The working end is the left half, which is now on the right.

Overhand knot

Step 2: To complete the Overhand knot, bring the working end through the loop from below, which is under - over.


Step 3: Turn the Overhand knot so the crossed area is on the left.   Make a bight, which is labeled 2 in this image.

To form a Slipknot, bring the working end of the cord through the Overhand knot over - under (from the top).

Loop 3

Step 4: To start Loop 3, move the working end in a clockwise direction.

Pass over the other end of the cord.

Bring the working end to the bight (2), passing under both sides of it.

Move Left

Step 5: Locate the right side of the bight (2) where it passes through the Overhand knot.  Move it to the left.

Move the working end through the Overhand knot, to the right of the segment that you moved.  It should be next to the crook of the OH knot.

Tighten OH

Step 6: Alpine knots should always be tightened slowly and carefully. 

This variation has three loops, which have to be tightened in order.

First, pull on the bight (2) to tighten the Overhand knot.

Loop 3

Step 7: Pull Loop 3 to make the bight smaller, but don't tighten it all the way.


Step 8: Tighten Loop 3 by pulling on the working end, which is on the right.


Alpine Bend

Alpine Bend

Description:  The Alpine Bend is the most unique of the three Alpine Knots.  It's made with two cords linked together.

See Linked Overhand Knots for similar decorative knots.

Left Loop

Step 1: You need 2 cords at least 25 inches long.

Secure one end of cord A to your left, arranged horizontally.

Make a clockwise loop, so the working end is vertical when you are through.

Right Loop

Step 2: Secure cord B on your right horizontally.

Pass it through the first loop under - over (from below).

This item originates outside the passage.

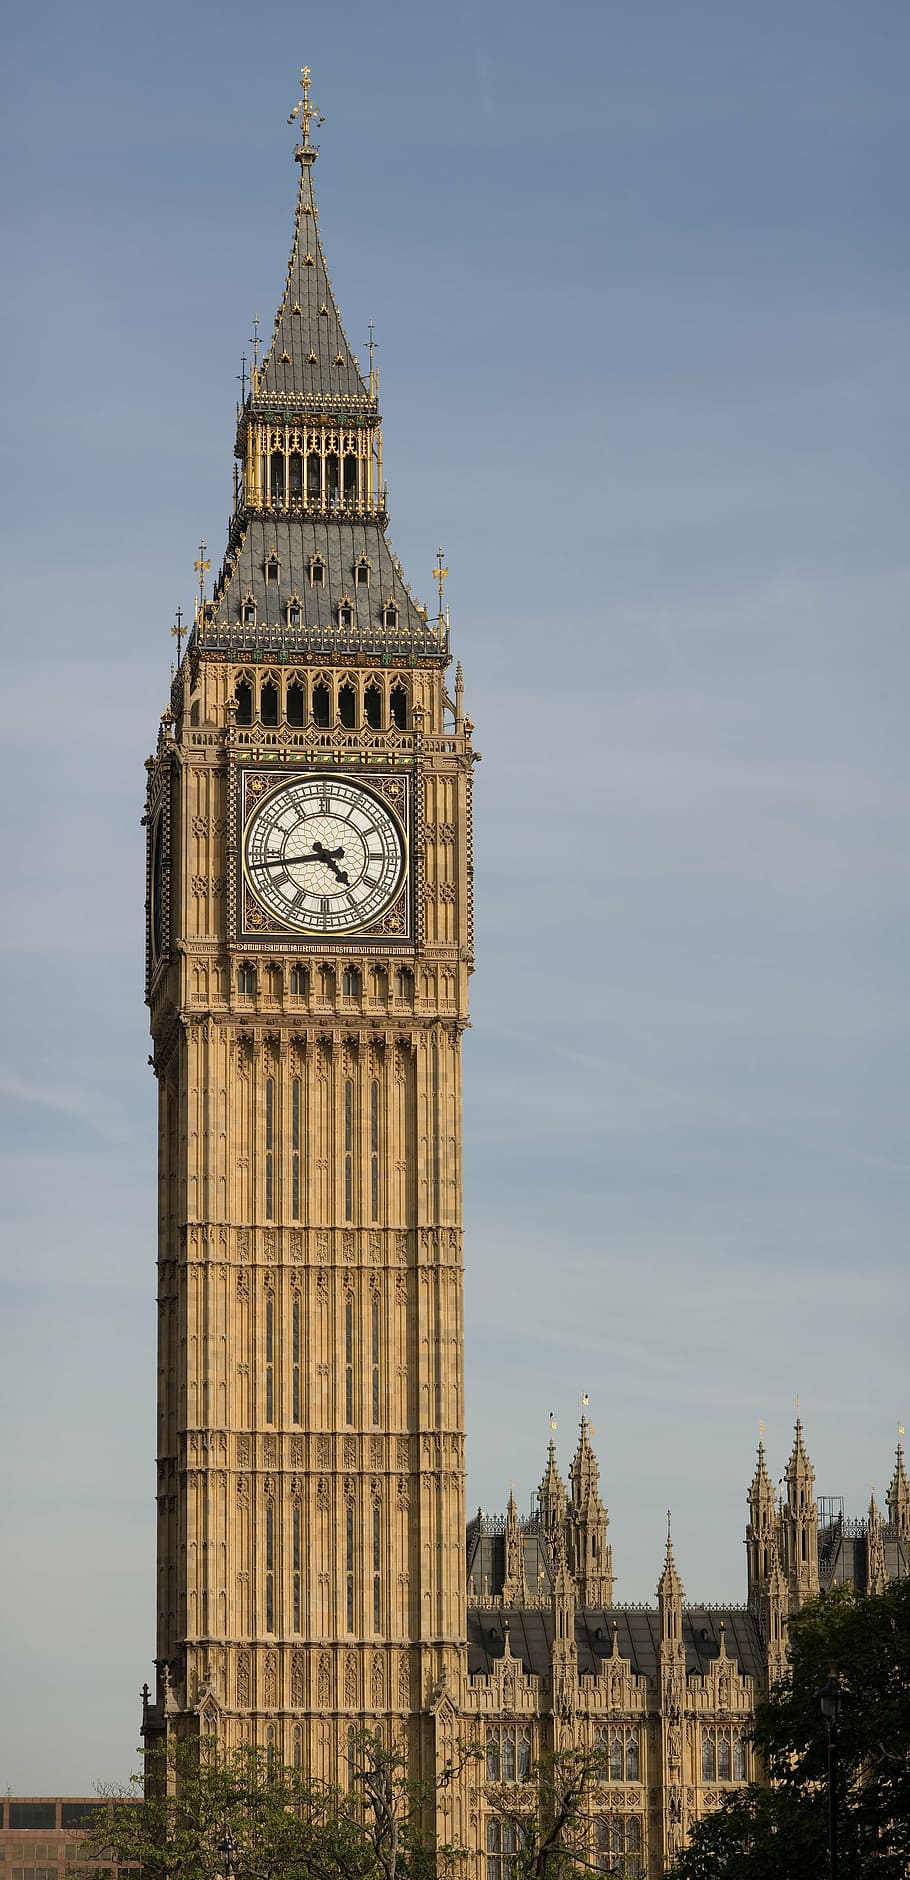 ビッグベン, ロンドン, イギリス, 構築された構造, 建物の外観, 建築, 空, 時計塔, 旅行の目的地, 塔

Rotate it counter-clockwise, so the crossing point is on the right, and the working end is vertical.


Step 3: Move the two loops towards each other, to create an extra space.

Make sure you secure the crossing points of both loops before moving on.

Cord A

Step 4: Pass the working end of cord A through the new space under - over (from below).

Don't tighten it yet.

Cord B

Step 5:  Pass the working end of cord B through the space under - over.


Like the other Alpine knots, you need to tighten carefully. 

For this design, it's important that you don't twist the loops when you pull on all four segments to tighten.